Azure Databricks: the data engineering platform at the heart of the Lakehouse
Azure Databricks unifies data engineering, data science, machine learning and BI on a single platform. The Implement data engineering solutions using Azure Databricks (DP-750) training focuses on the data engineering pillar: ingestion, transformation, quality, governance and data exposure. You work on Apache Spark optimized by Databricks (Photon engine), Delta Lake for ACID reliability, and the Lakehouse architecture that combines the benefits of data lake and data warehouse.
Unity Catalog: unified governance
Unity Catalog is the governance layer you configure during the course: a single metastore catalog for all Databricks workspaces, granular permissions (catalog, schema, table, view, column), automatic data lineage and secure sharing via Delta Sharing. Mastery of Unity Catalog has become essential for enterprise Databricks architectures.
Delta Lake and the medallion architecture
Delta Lake brings ACID transactions, time travel, schema evolution and performance on top of Parquet files in Azure Data Lake Storage. The training covers advanced techniques: MERGE INTO for upserts, OPTIMIZE and Z-ordering for performance, VACUUM for retention, change data feed for change propagation. The medallion architecture (bronze / silver / gold) is presented as a reference pattern.
Delta Live Tables: declarative pipelines
Delta Live Tables (DLT) is a declarative framework to build reliable data pipelines. Instead of orchestrating individual notebooks, you declare transformations and DLT manages dependencies, retries, data quality (expectations) and monitoring. The training shows how to migrate existing pipelines to DLT and combine streaming and batch in the same pipeline.
Spark performance and optimization
Optimizing Spark requires understanding its internals: partitioning, shuffle, broadcast joins, AQE (Adaptive Query Execution), Photon (the native Databricks engine written in C++). You learn to read the Spark UI, identify bottlenecks, adjust cluster configurations and choose the right APIs (DataFrame vs SQL, RDD to avoid).
Audience and prerequisites
The Implement data engineering solutions using Azure Databricks (DP-750) training targets data engineers, ETL engineers and data architects who will design production Databricks pipelines. Prerequisites: Python or Scala knowledge, Azure fundamentals (equivalent to AZ-900), SQL experience. Prior Spark knowledge is a plus but not required.
FAQ Implement data engineering solutions using Azure Databricks (DP-750)
What’s the difference between Azure Databricks and Microsoft Fabric?
Microsoft Fabric integrates a unified SaaS experience (Lakehouse, Data Warehouse, Real-Time Analytics, Power BI).

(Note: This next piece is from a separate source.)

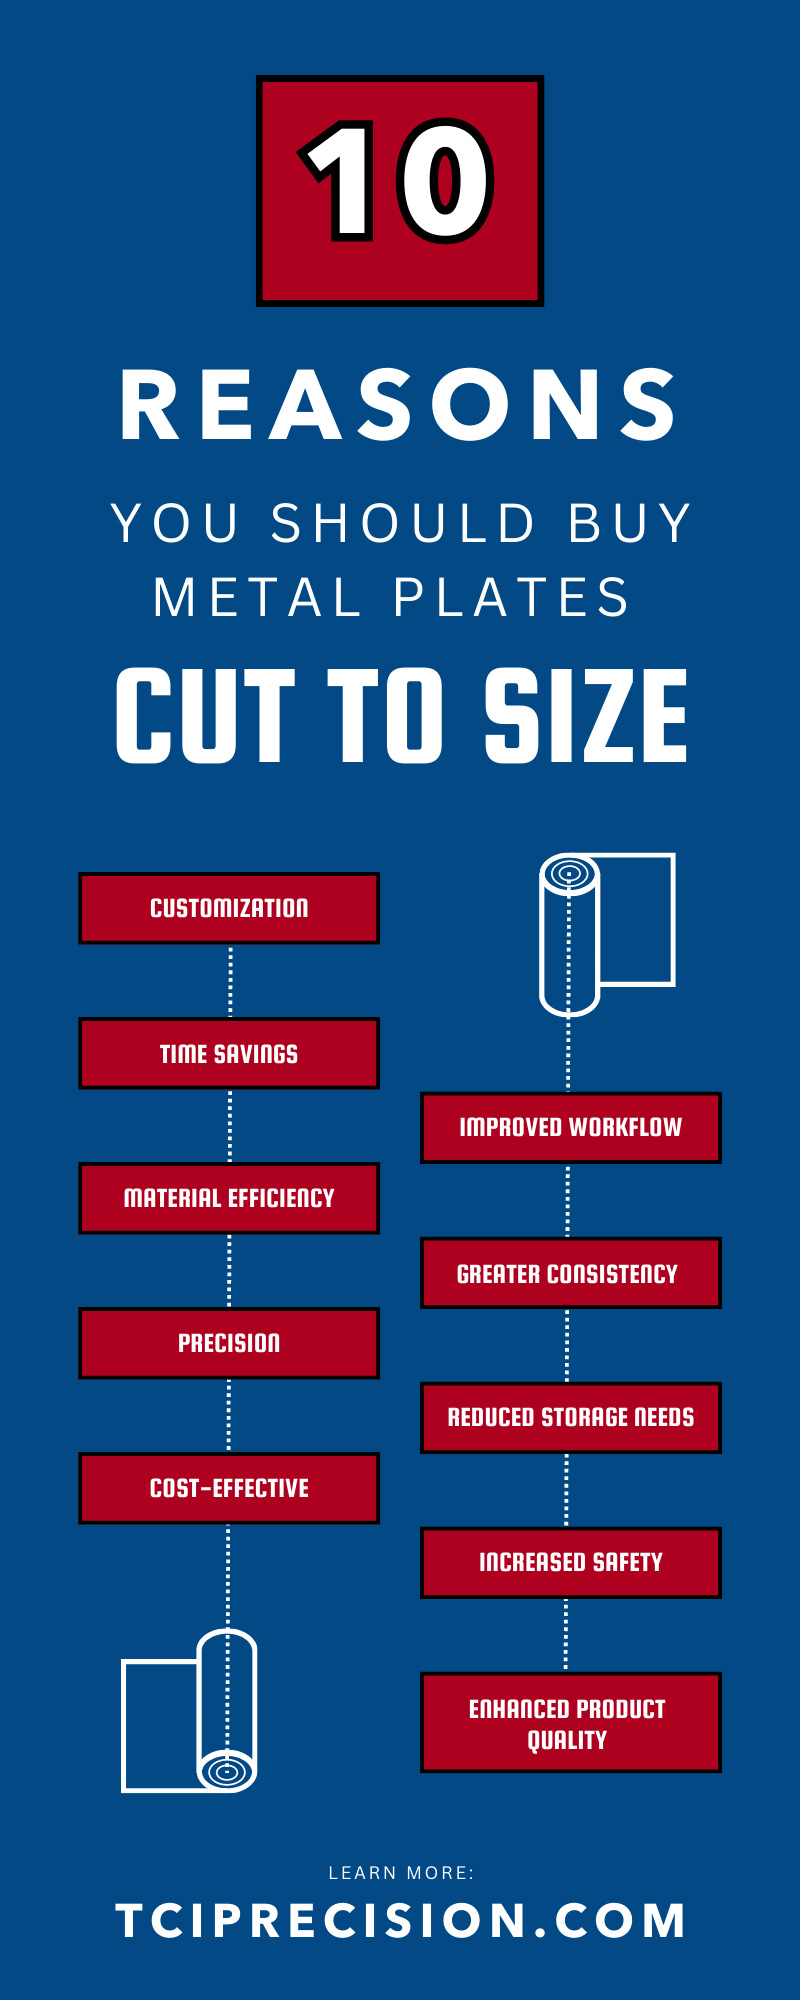 10 Reasons You Should Buy Metal Plates Cut to Size
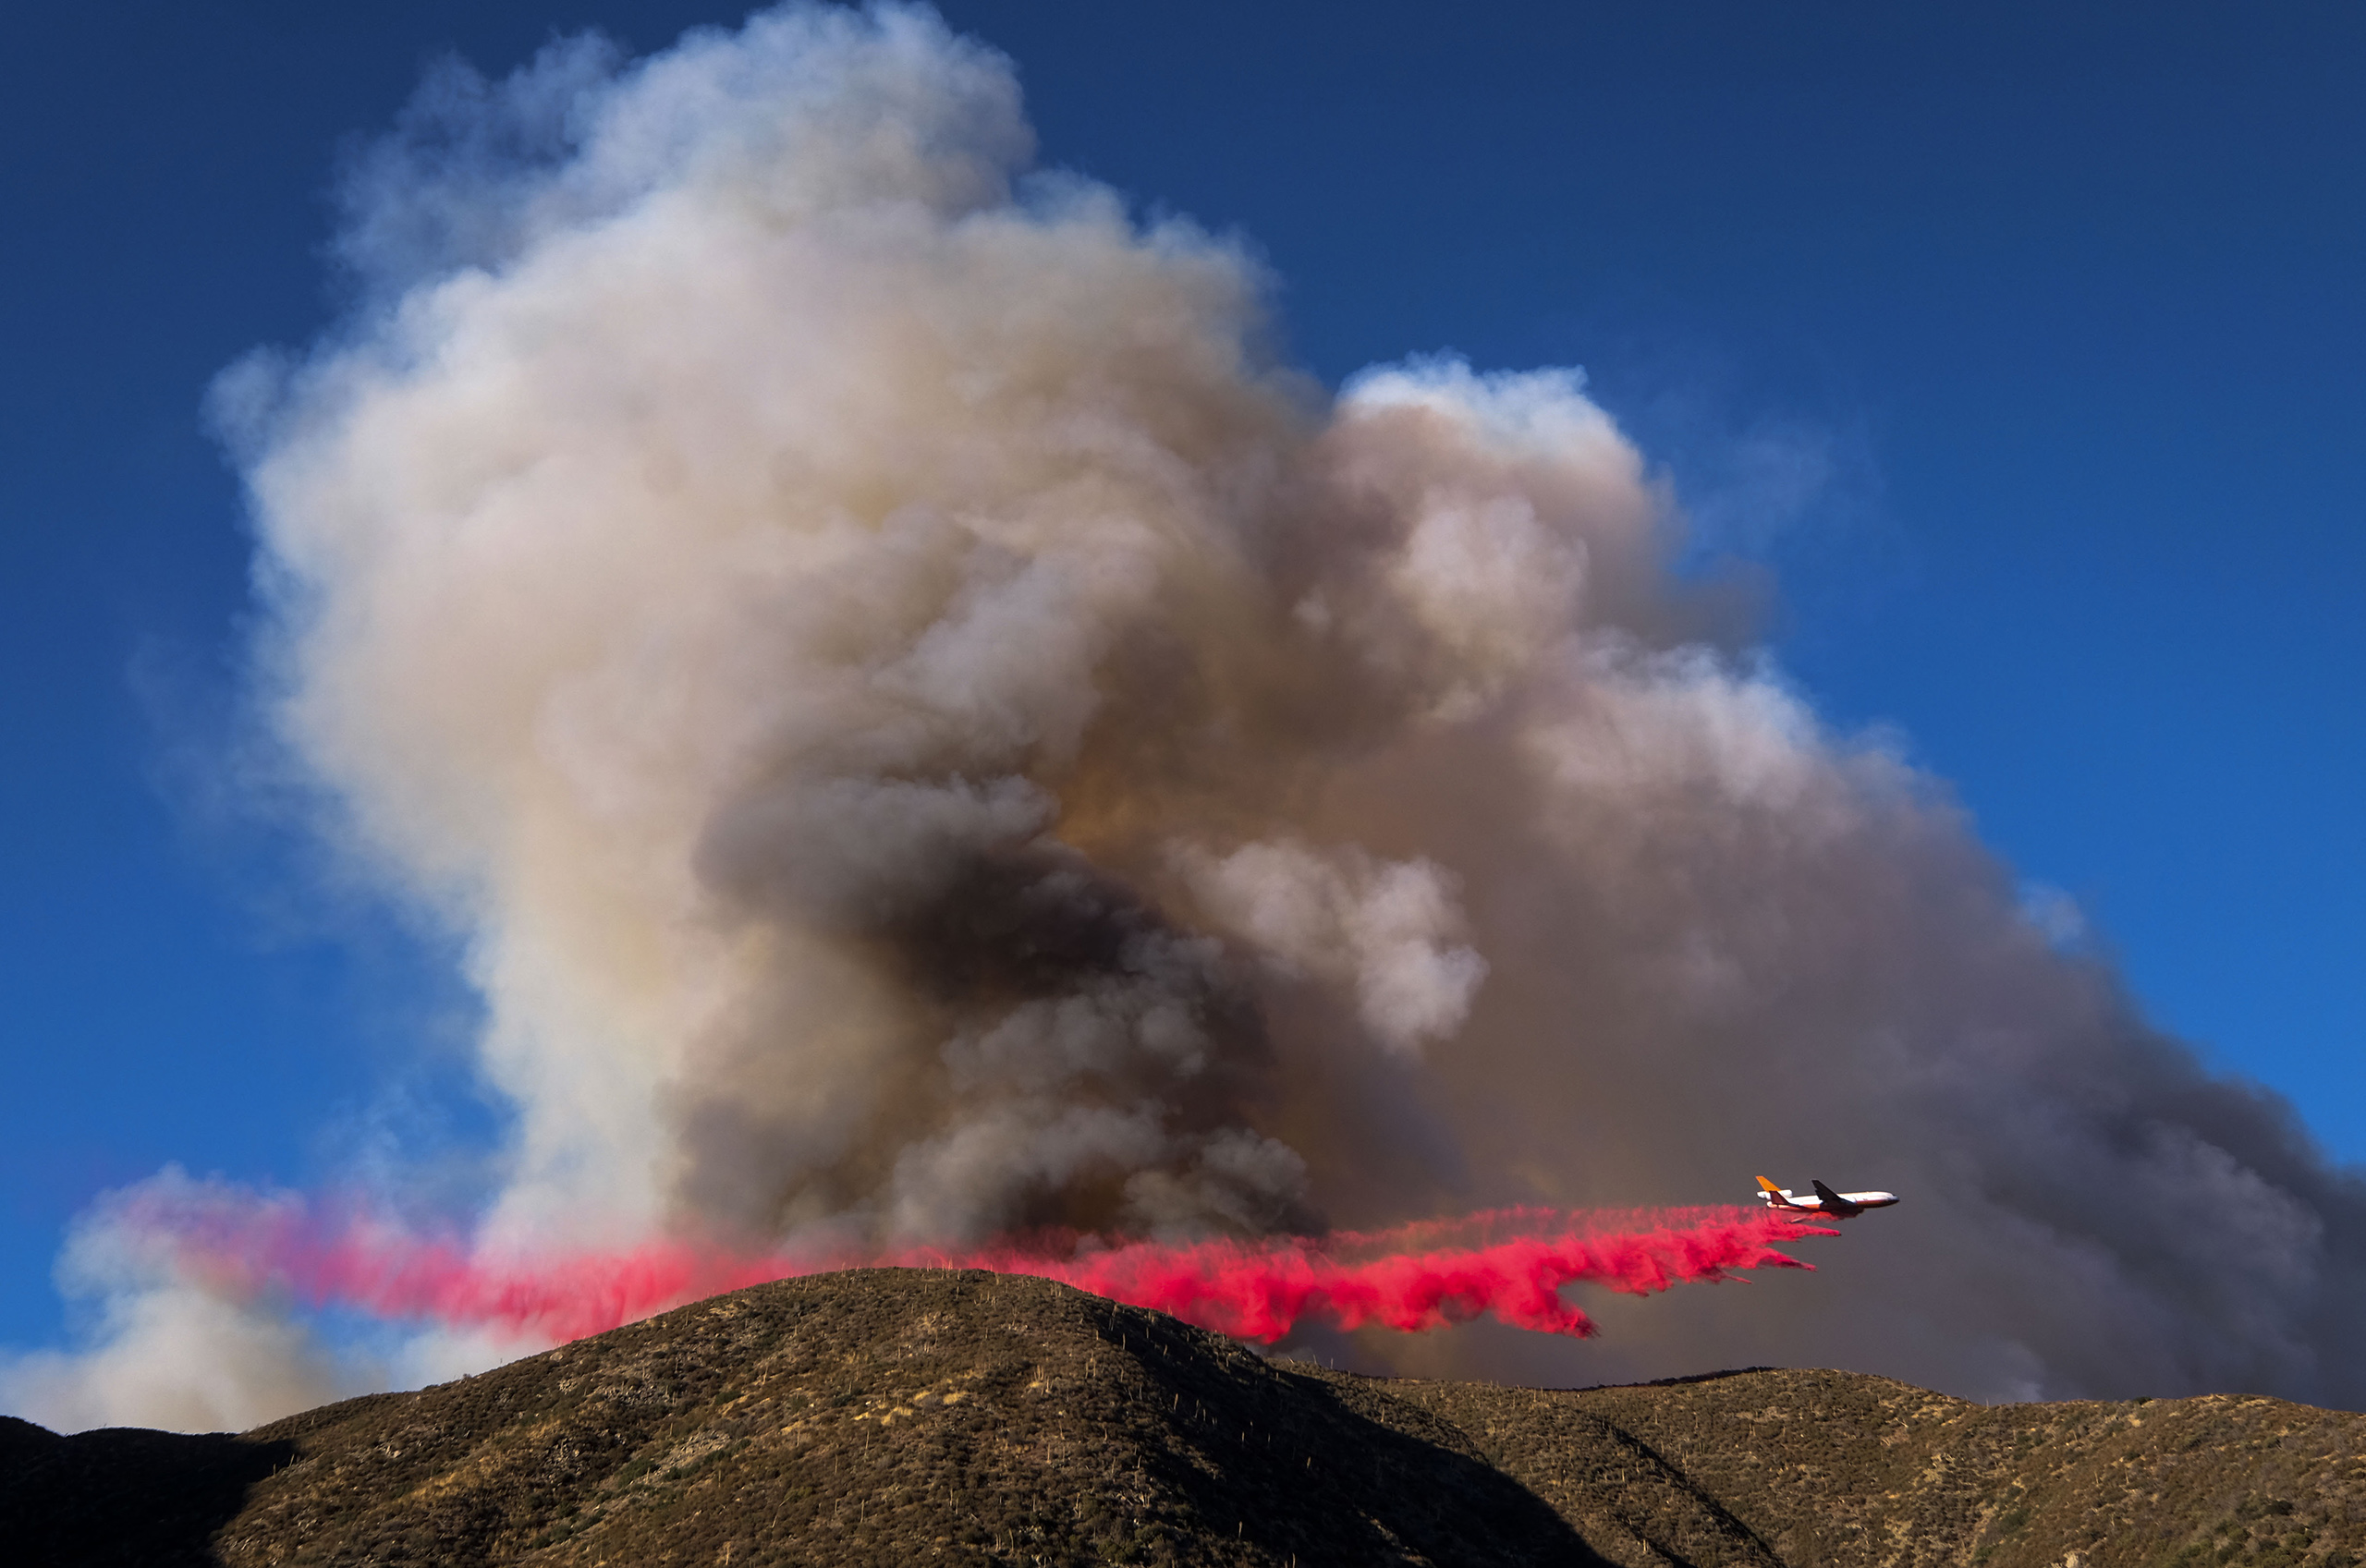 An air tanker drops fire retardant on the Blue Cut wildfire in Lytle Creek, California, Aug. 16, 2016.

Azure Databricks remains the leading platform for advanced Spark workloads, large-scale ML and multi-cloud architectures. The DP-750 training covers Azure Databricks in depth; DP-600 / DP-700 cover Microsoft Fabric.
Do I need to know Apache Spark before DP-750?
No. The training introduces Spark progressively. However, SQL experience and knowledge of at least one programming language (Python, Scala) are essential.
Does the DP-750 course lead to a Microsoft certification?
DP-750 is a Microsoft Applied Skill, with no formal exam associated. For a certification covering Azure Databricks, see Azure Data Engineer Associate (DP-203) which includes Databricks in its scope.
Does the training cover real-time streaming workloads?
Yes, Structured Streaming and Delta Live Tables in continuous mode are addressed with CDC (Change Data Capture) use cases and Event Hubs / Kafka integration.